The
learning curve model that
I developed based on observations of how fast tasks are performed
has yielded another valuable insight. The difference between expected
performance of a task and actual performance over time, will tend to
spike and then fall off gradually, which is likely to confound
typically linear (and often overly-optimistic) approaches to
scheduling its completion. Furthermore, the timing and amount of the
spike will vary with the complexity of the task, which may not even
be explicitly factored into expectations. The
math shows that the timing and amount of this spike in what could
be considered "error" is theoretically predictable.
In
"Units
of Completion," I suggested that the complexity of a task
could be assessed in terms of a number of units that are
simultaneously performed during the task, and which define how
closely we can measure its completion. I've taken this another step,
by using the concept of a unit to identify the highest meaningful
efficiency that could be used to establish ideal expectations.
For
example, if my task is to edit a page with 500 words, then the
highest completion I could reliably measure is 499 words (500 minus
one), which is 499/500 or 99.8% of the total. That fraction is also
the highest meaningful efficiency, which translates into an
expectation of editing 499 words in the best-case time. With average
editing ability, I would have an efficiency of 50% instead of 99.8%;
so during the best-case time, I will have only edited 50% of the
total, or 250 words. If I'm responsible for meeting a schedule based
on 99.8% efficiency, at the end of the best-case time I will be
behind by 249 words (499 minus 250), or 49.8%, which is my error at
that time, and it will take nine times that long to reach zero error.
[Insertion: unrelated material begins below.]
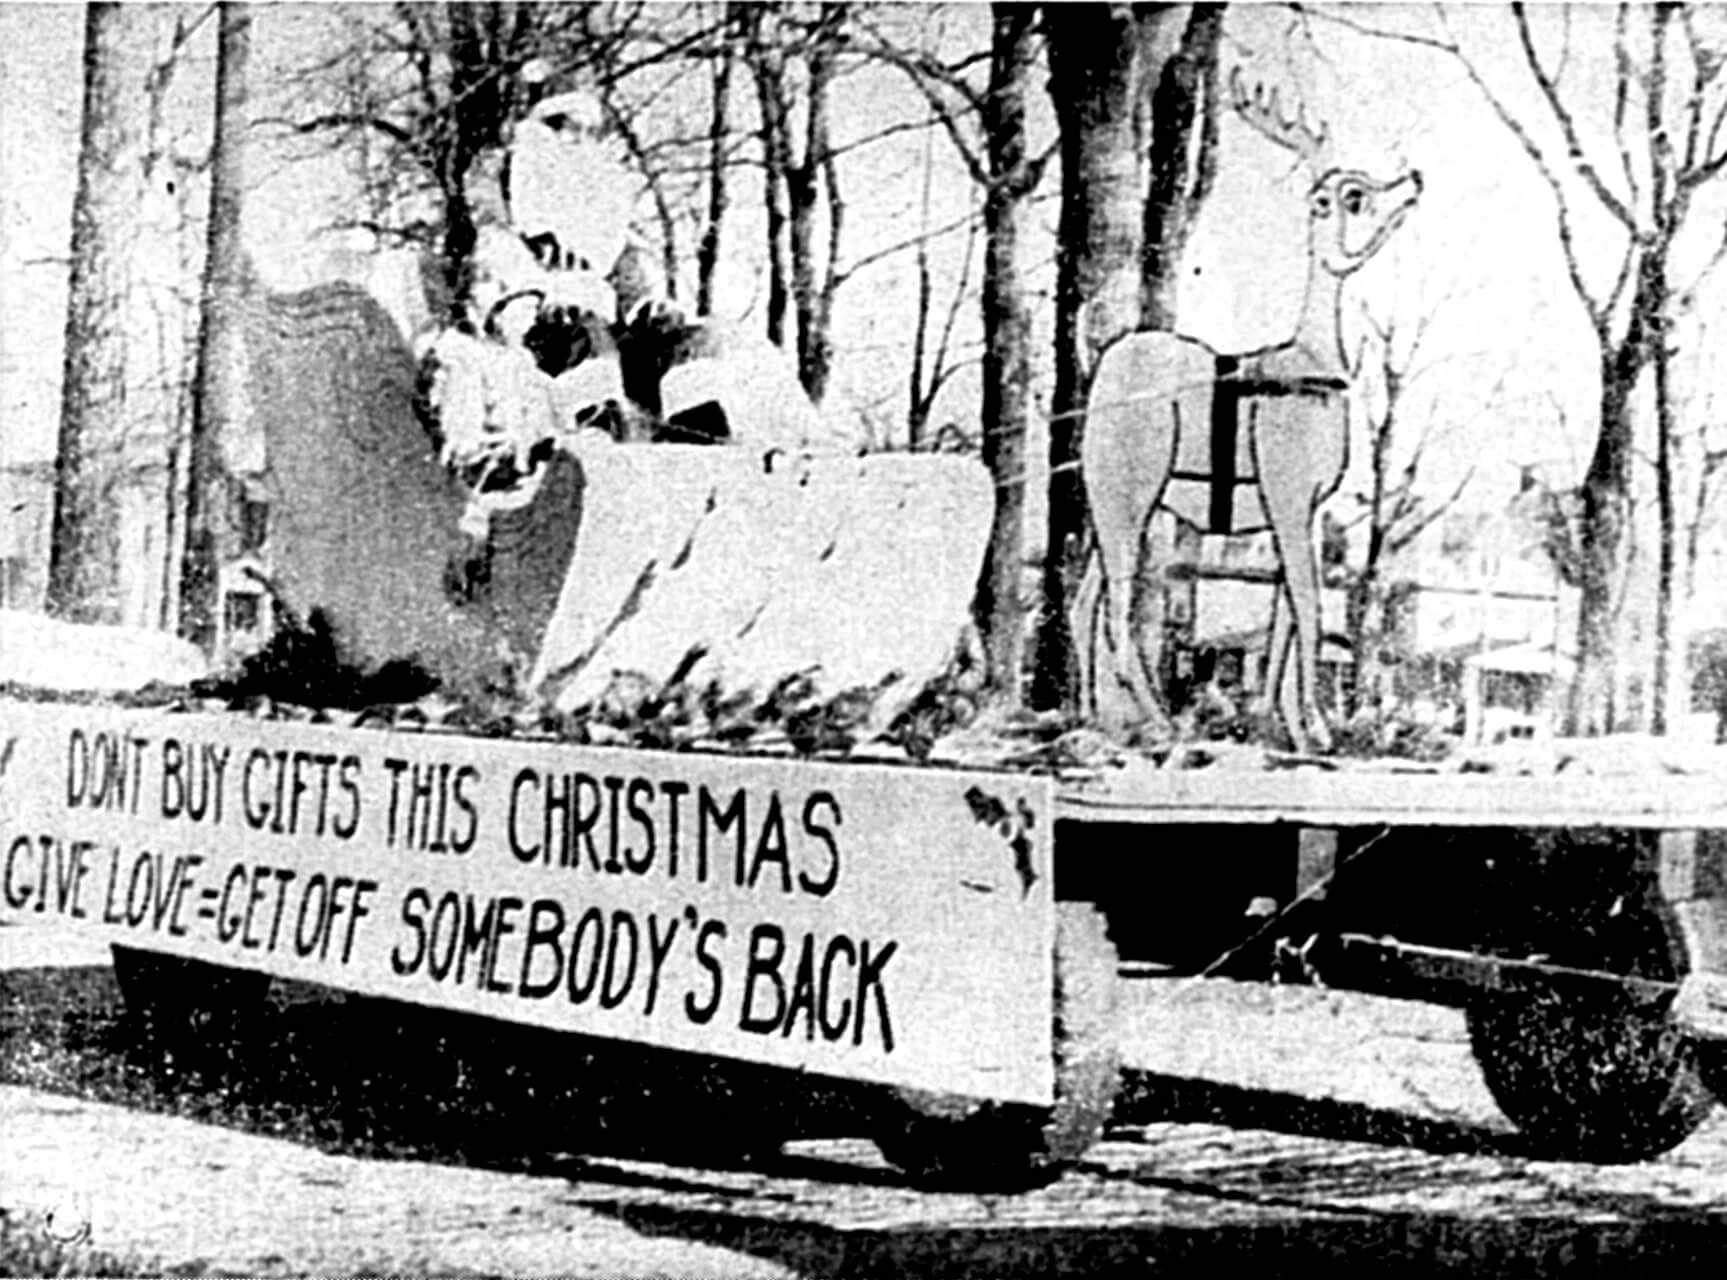 The NAACP’s 1966 float featured Santa Claus (Merlin Kennedy) in a sled and with a sign that read “Don’t Buy Gifts This Christmas, Give Love = Get off Somebody’s Back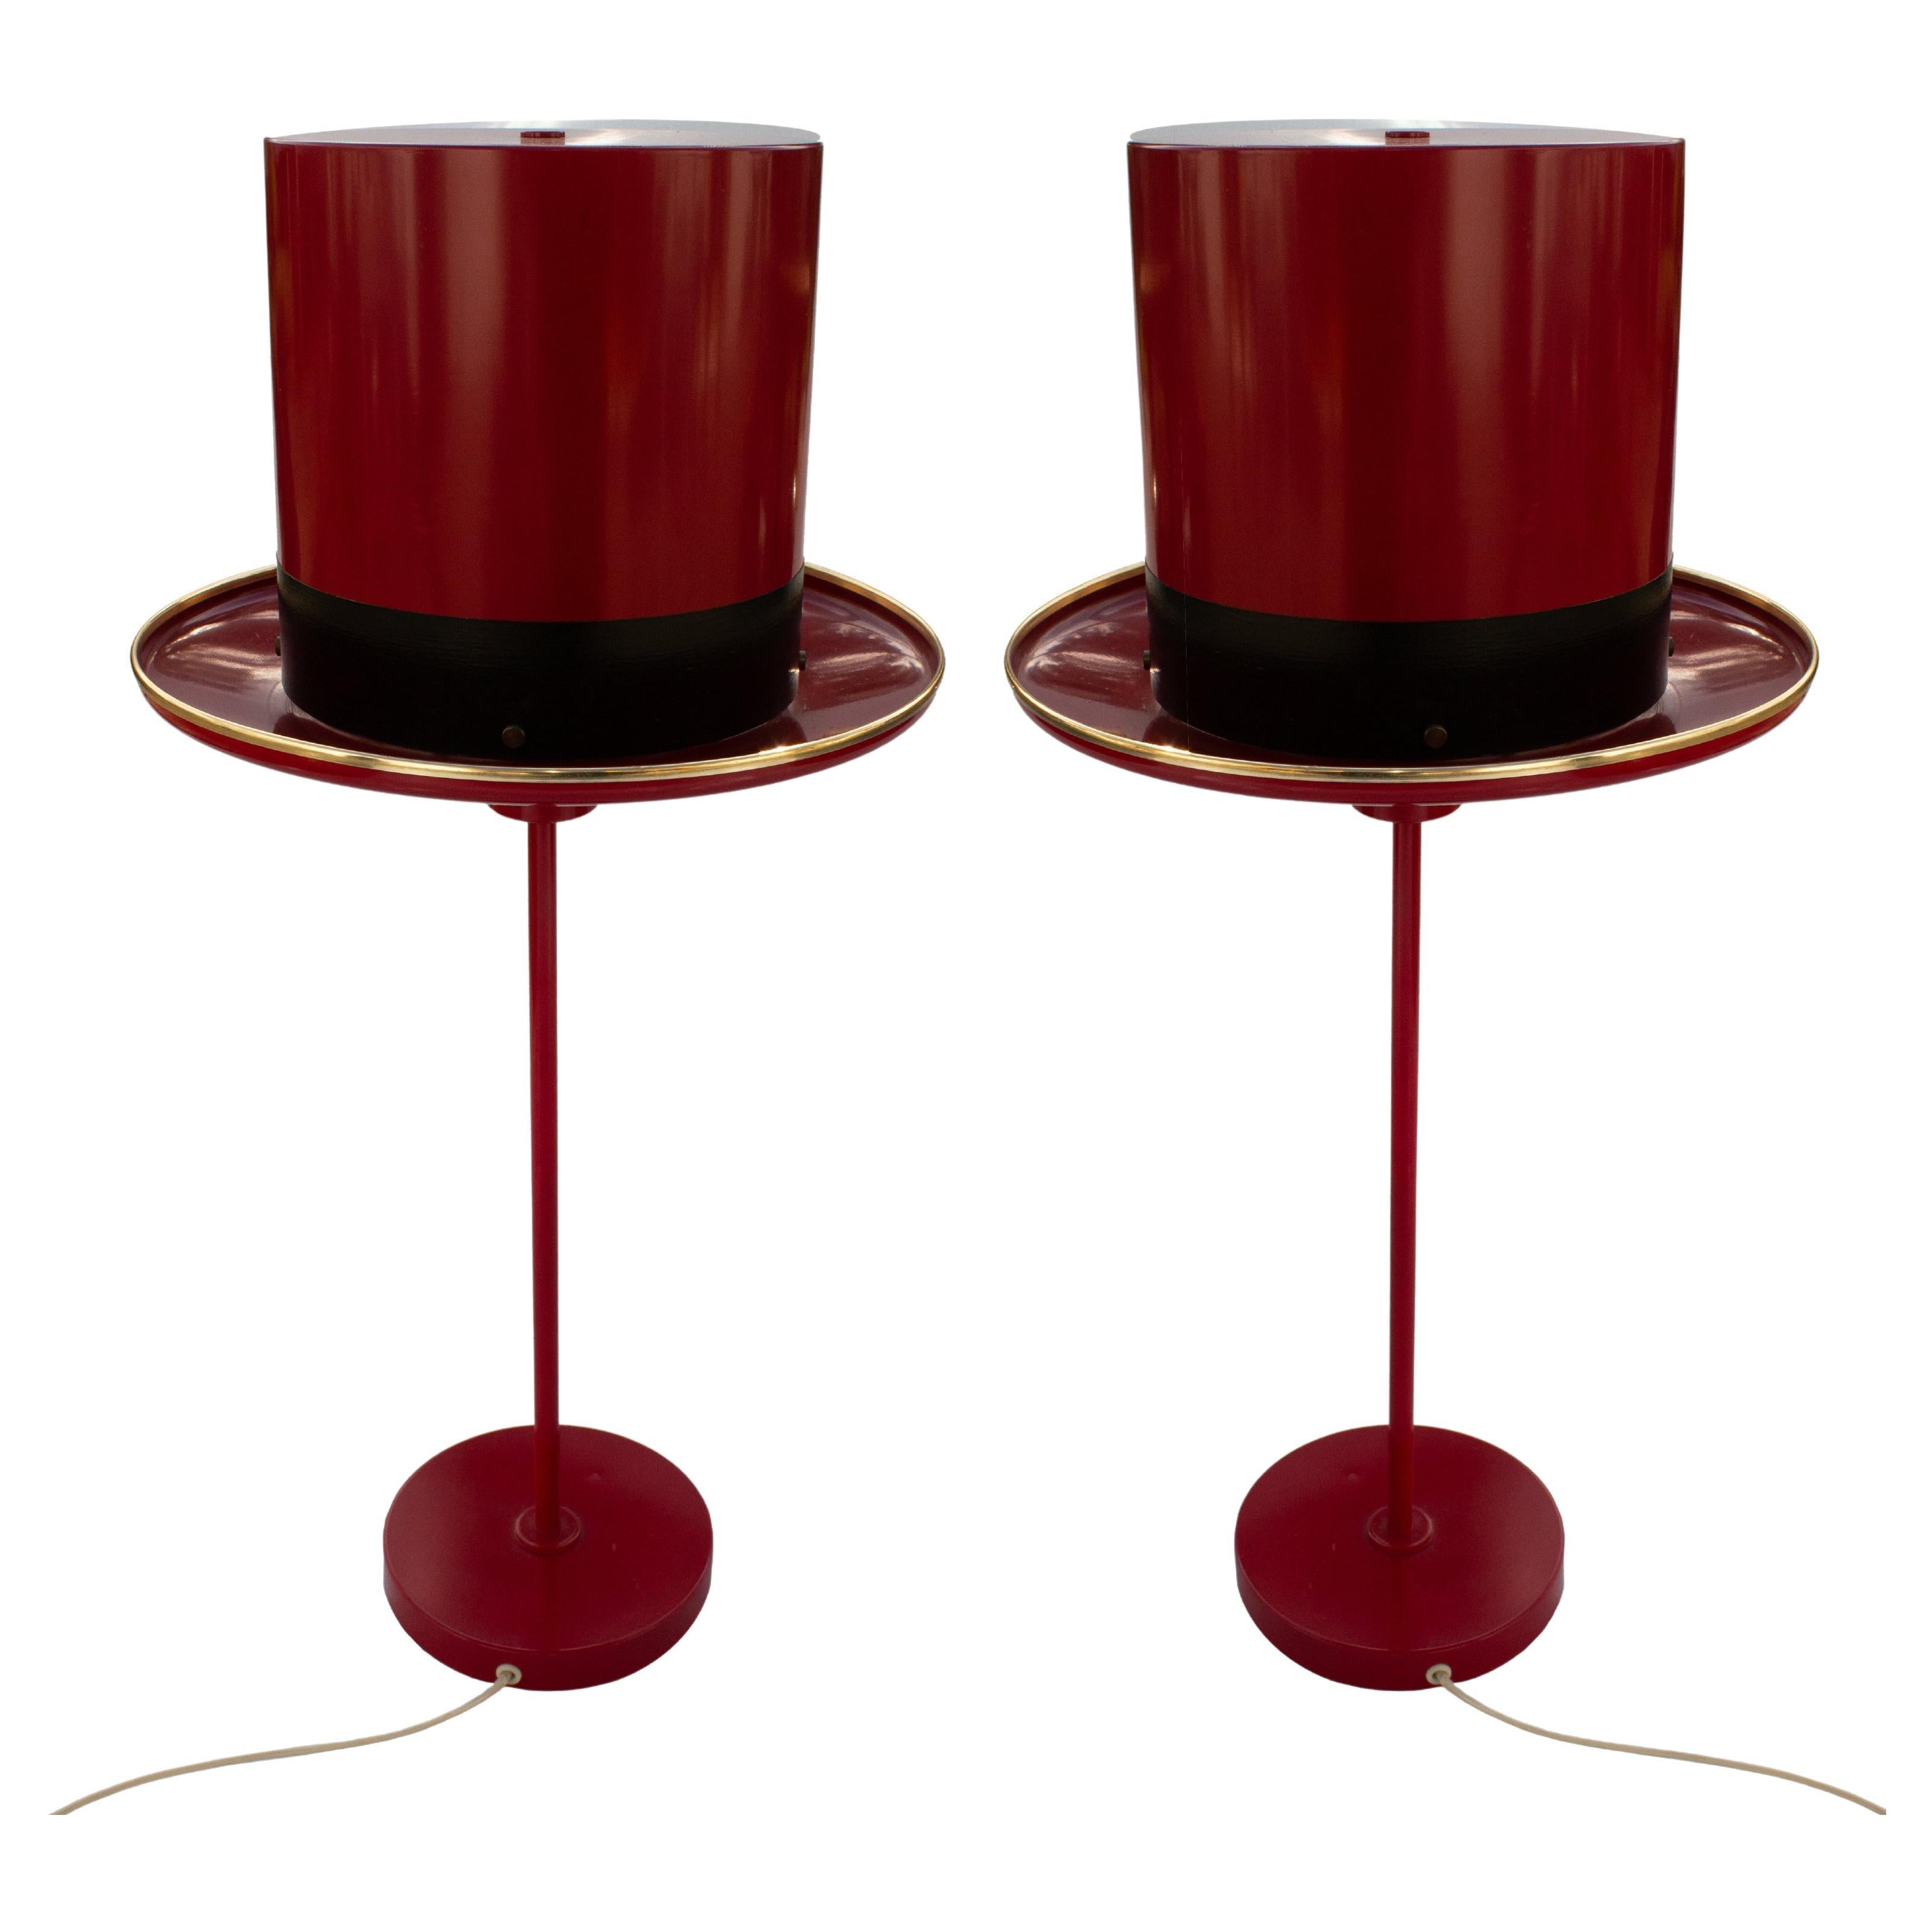 Pair of Scandinavian Modern Hans-Agne Jacobsson Red Table Lamps

A manager tracking my progress up to the best-case time would see an
even worse picture, because my error would reach a peak of 67% when I
was at just 40% of the best-case time. Ideally, of course, the
manager should plan for the actual time to achieve zero error, and
not care what happens until then.
Editing
ten pages instead of one could be treated as a single task, and the
same fractions would simply apply to the larger number of words, with
the minimum allowable error at the end now being ten words instead of
one. If, however, this error was still kept at one word, then the
highest completion (and the highest meaningful efficiency) would
increase to 99.98% (or 4999/5000 words) and have significant
side-effects which might together be considered a major degradation
in performance. For one, the manager would now need to allow more
than 12 times the new best-case time (which accounts for all ten
pages) for me to reach zero error. My maximum error would increase to
nearly 74%, occurring at 32% of the best-case time; and at the
best-case time, my error would be slightly higher, at 50.0%.
My
actual efficiency in editing pages is higher than the average, more
like 70% than 50%, which would decrease the time and value of the
maximum error, as well as the amount of time to reach zero error in
each case. There would still appear to be a degrading effect on
performance as the complexity increased (for example, the maximum
error would have increased from 54% to 62%), and that could still
raise an unnecessary "red flag" by a manager who was
looking too closely and didn't expect it.
The
real world is certainly messier than this theoretical discussion
might imply. As I described in "Units of Completion," a lot
depends on whether the task you think you're evaluating is one of
these idealized pure tasks, a parallel combination of pure tasks, or
a sequence of pure tasks. Since my analysis is based on actual
observations (as are the other models I've developed), the behaviors
I've identified are potentially observable in actual situations, and
are therefore subject to test. They suggest a reasonable set of
explanations for what may be unresolved or even unrecognized issues
in actual applications, which is why I've brought them up.
One
such issue, which I alluded to and can foresee, is an increase in
waste: wasted time, wasted effort, and wasted physical resources. For
example, a coordinated "task" such as a major industrial or
government project might be terminated because of commitment to
unrealistic planning goals that could not be met, and the waste of
discontinuing it would be added to the loss of opportunity for
meeting the needs it was intended to address. Spikes in what I've
called "error" might result in the waste of resources to
correct problems that don't exist, which rings true as a consequence
of too much complexity. If more realistic schedules are impractical,
either because they demand resources that aren't available, or
because of competition with others who do not acknowledge their
necessity, then the gains of previous effort should be preserved as
much as possible until a new and more effective task -- or set of
tasks -- can be devised. If preservation cannot be done, waste seems
inevitable, and the ultimate objectives of the task are too important
to abandon, then cooperation (rather than competition) may be needed
between multiple entities who can together address the impediments to
success.